Chief hat geschrieben:Bei den Myonen verhindert das eigene magnetische Feld das Zerfallen und bei Häfele-Keating werden die Energieniveaus durch das Magnetfeld verschoben. Die Myonen sind dabei auch noch von virtuellen Teilchen umgeben (e-e+Paare), die ebenfalls dem Zerfall entgegen wirken.
Gruß
Das ist ja eine abenteuerliche "Erklärung".
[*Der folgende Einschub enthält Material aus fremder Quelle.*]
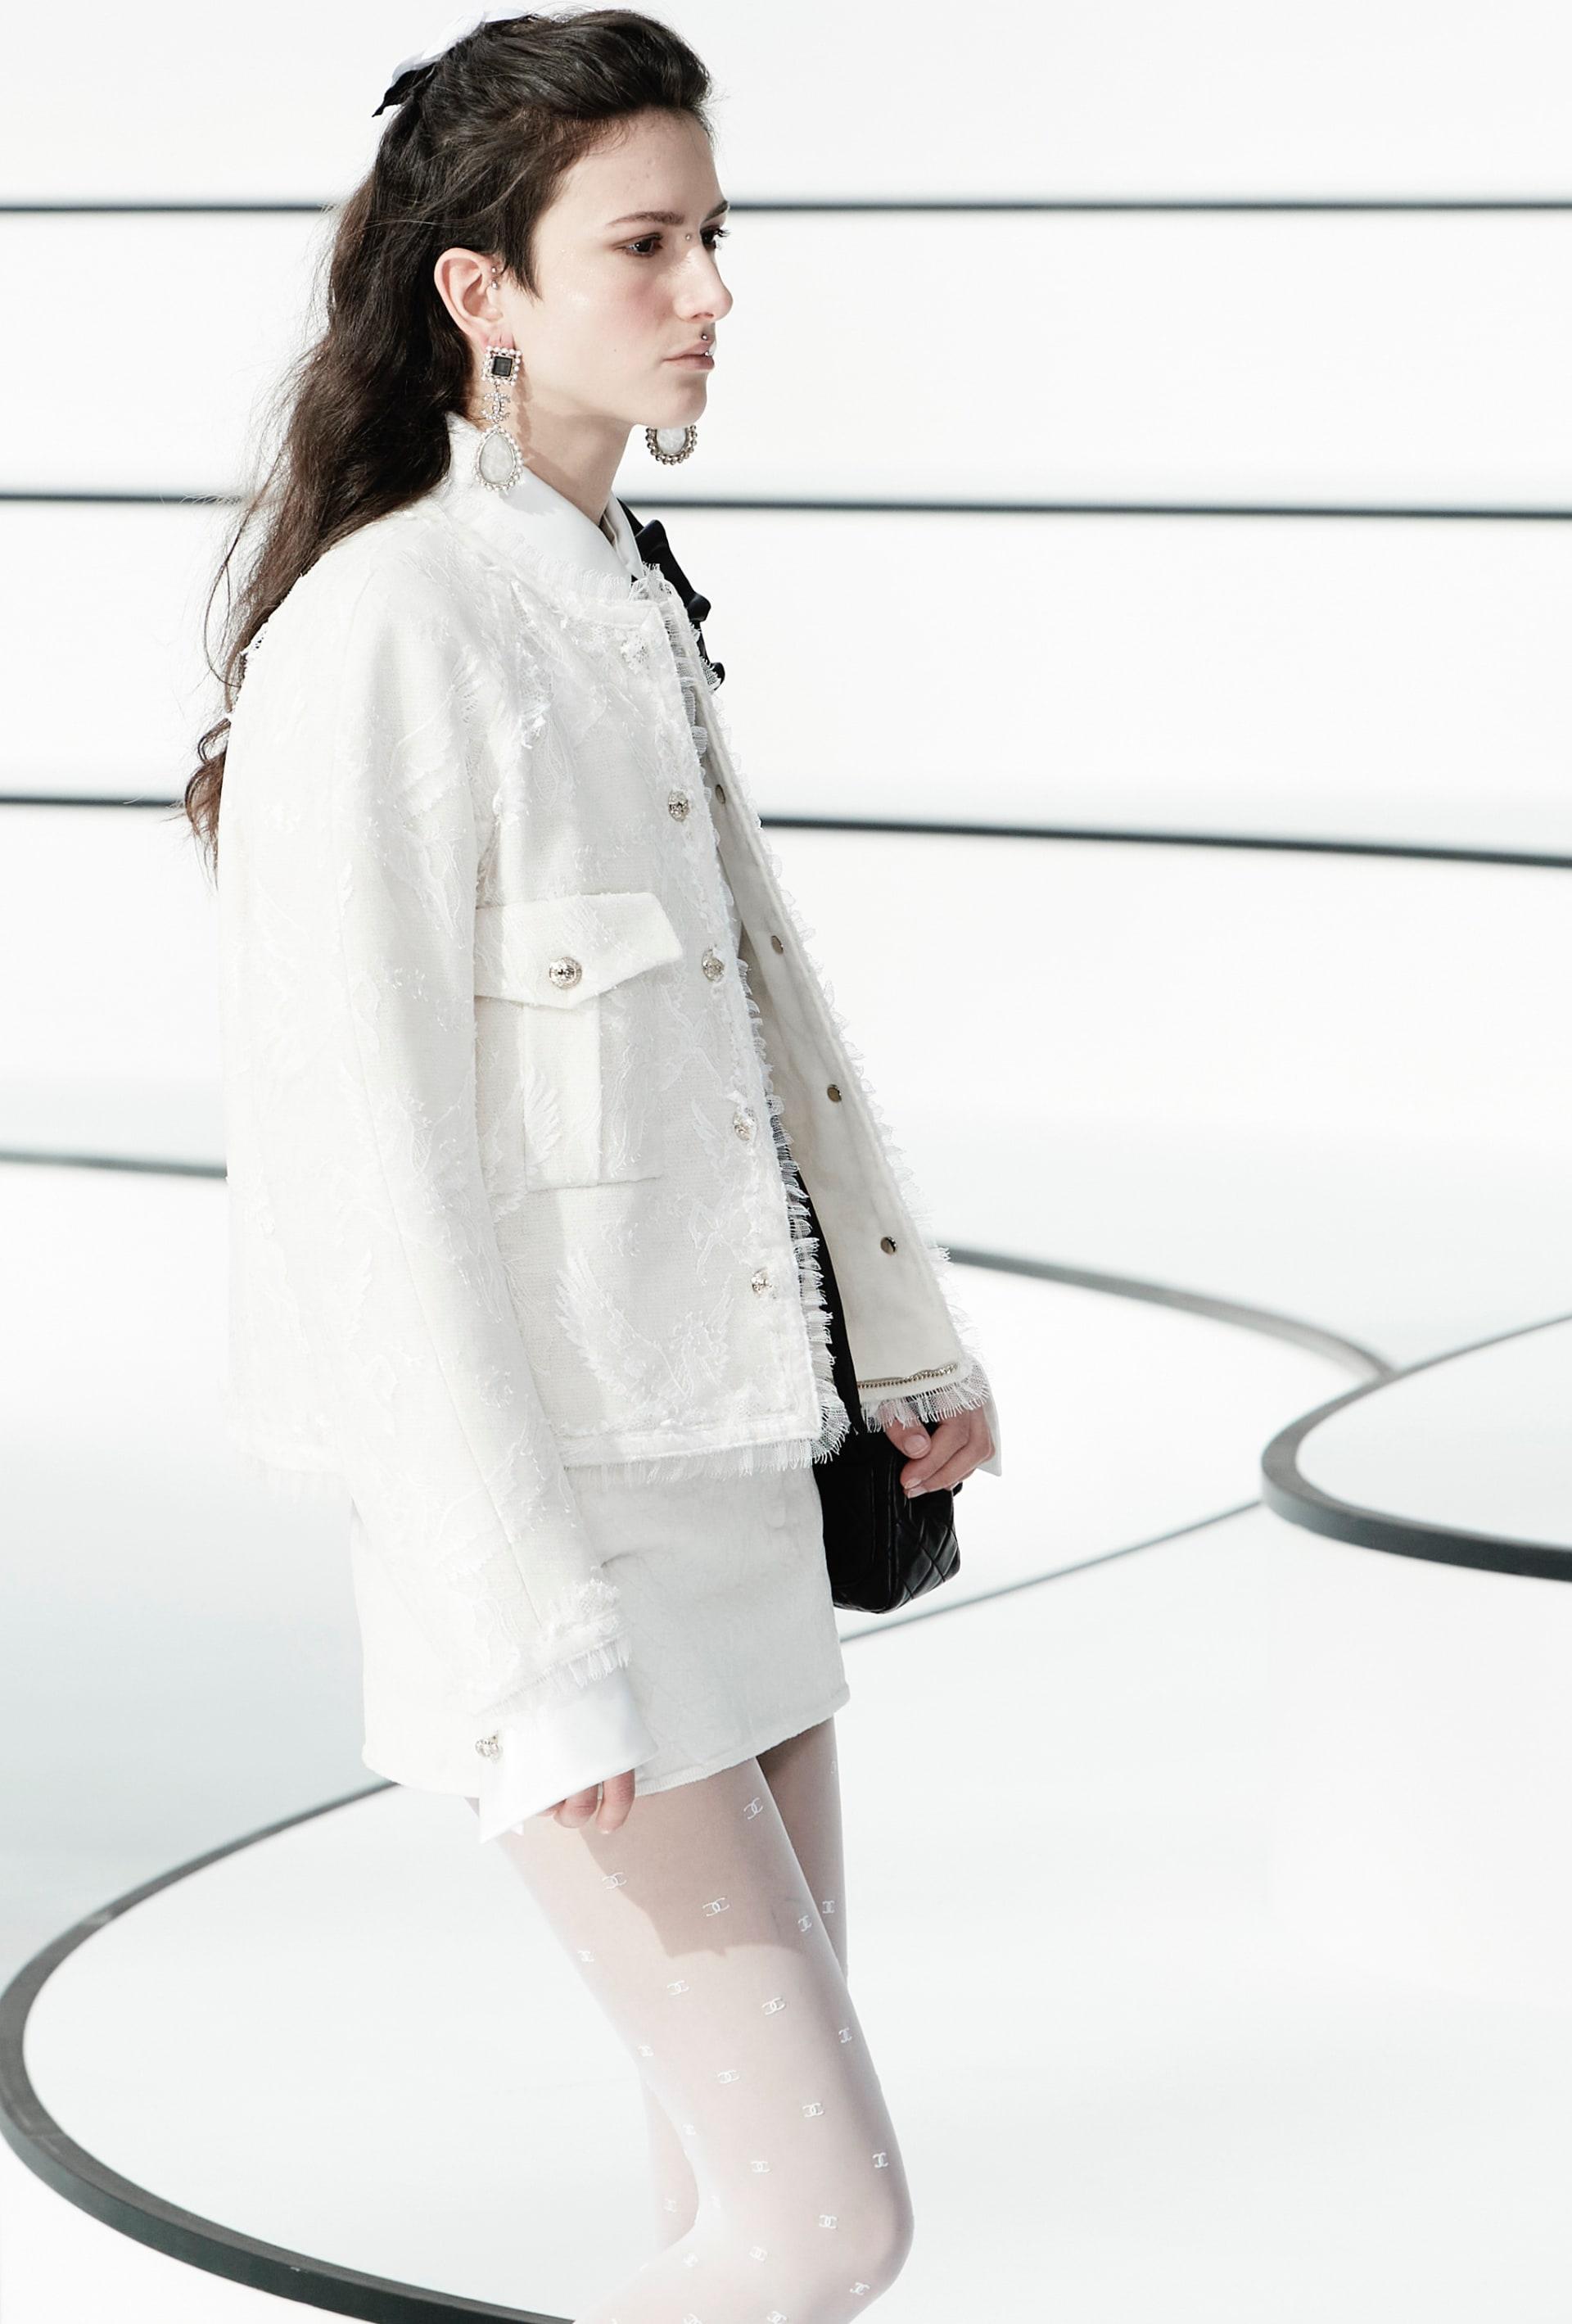 Imagen adicional 1 - Look  62 -  - Otoño-Invierno 2020/21
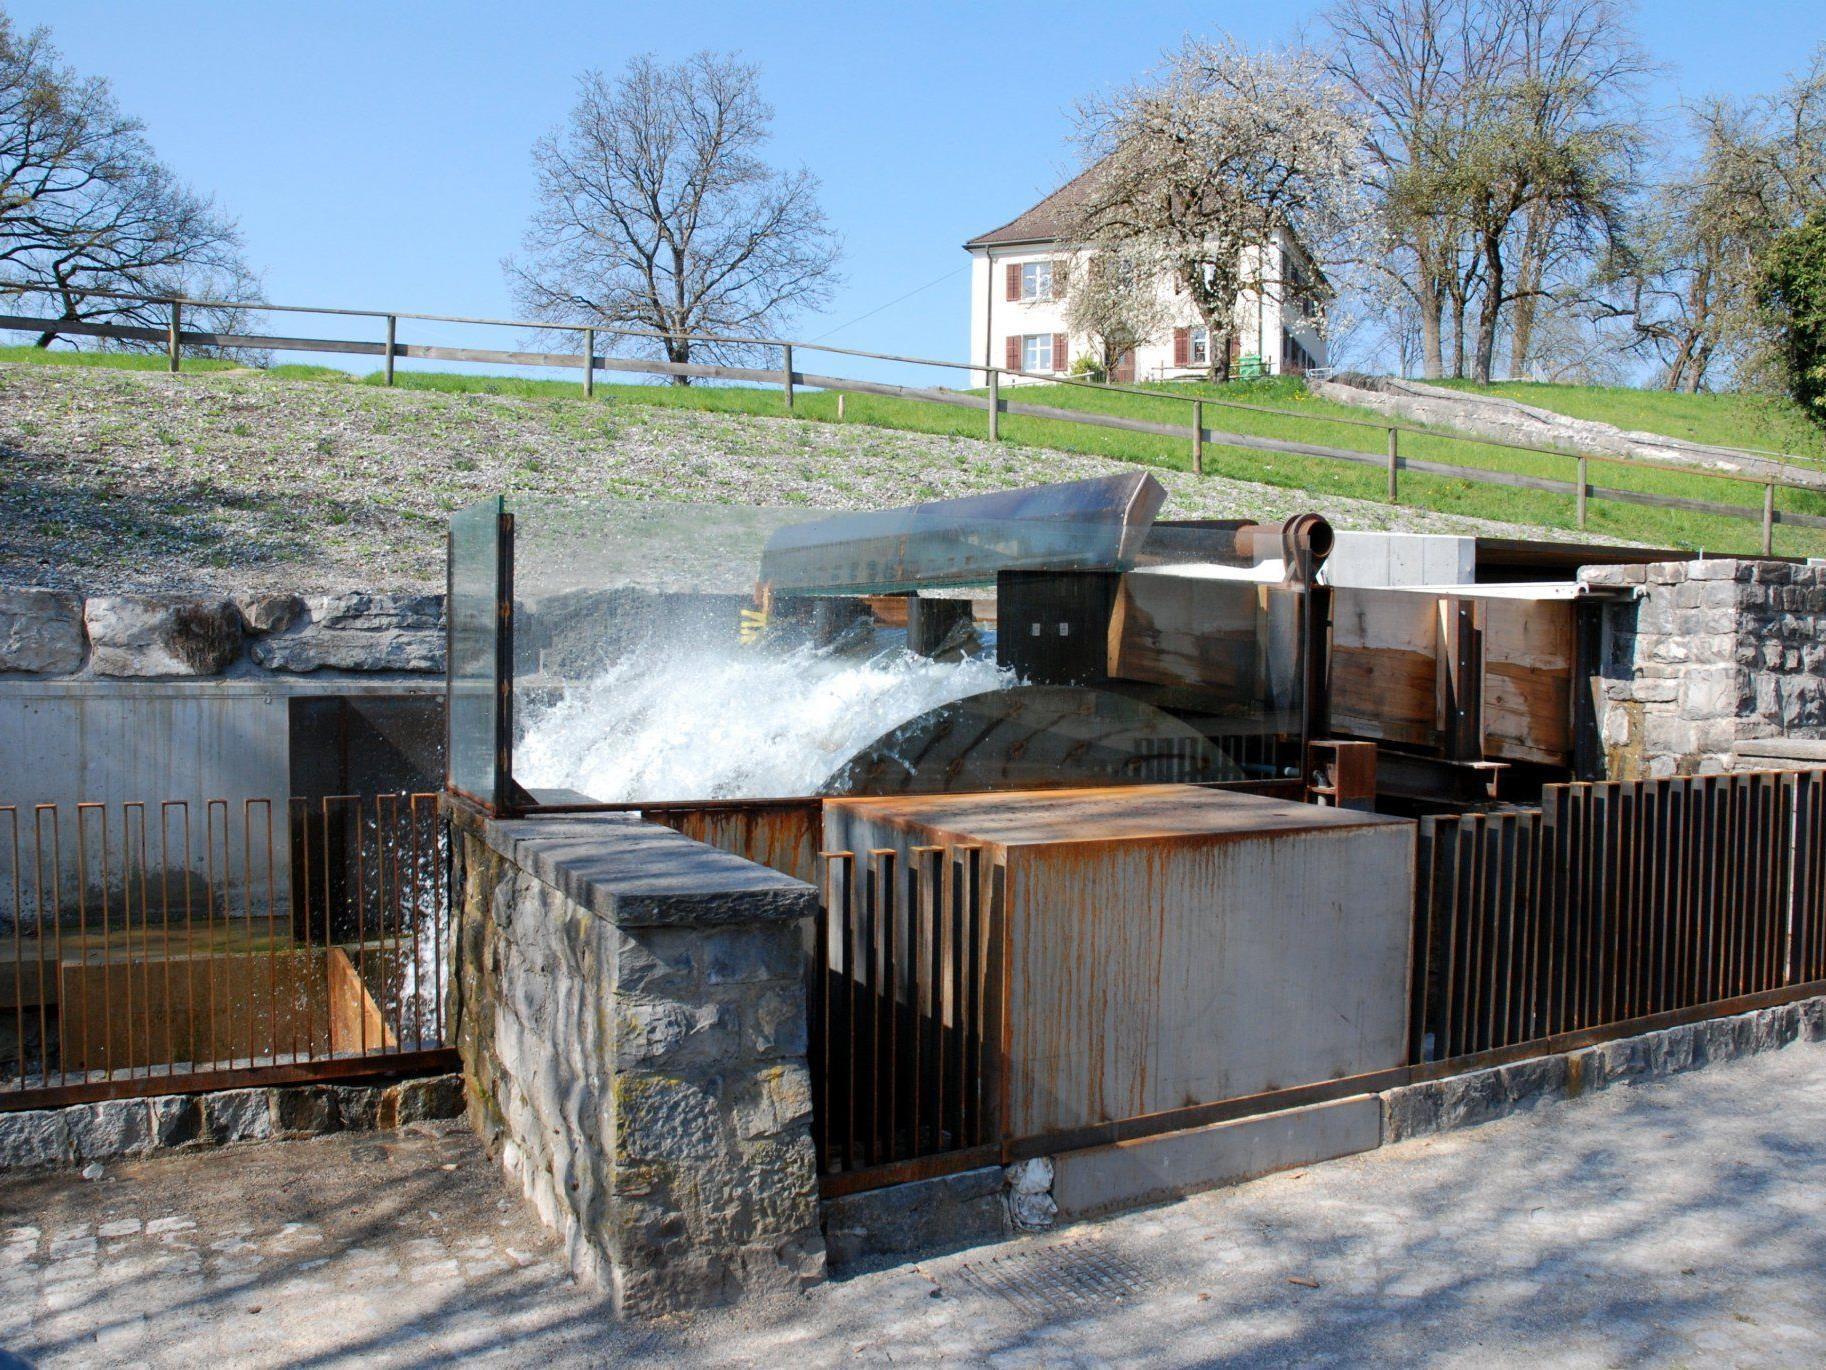 Das neu errichtete Wasserrad im Ortszentrum ist zu einem tollen Blickfang geworden

Welches magnetische Feld sollte denn das Zerfallen der Myonen verhindern ?
Etwa das Erdfeld ?
Ja, ist dieses denn, wenn man Myonen im Labor erzeugt, nicht ebenfalls vorhanden ?
Wie sollten Wolken virtueller Teilchen dem Zerfall von Myonen entgegen wirken, wenn diese schnell sind ?
Was das alles ad absurdum führt, ist die Tatsache, dass der Zerfall des Myons durch die schwache Wechselwirkung zustande kommt. Diese "interessiert sich nicht" für Magnetfelder.
Die Lebensdauer eines Myons lässt sich in seinem Ruhesystem im Standardmodell übrigens sehr schön und noch relativ einfach berechnen und was herauskommt, das ist eine Konstante - eine Zahl. Dabei spielt v.a. das virtuelle W-Boson, das ja den schwachen Zerfall vermittelt, eine Rolle. Virtuelle e+ e- -Paare sind interessant, wenn man elektromagnetische Wechselwirkungen betrachtet. Der Zerfall des Myons wird aber durch die schwache Wechselwirkung vermittelt (Beta-Zerfall eines Leptons).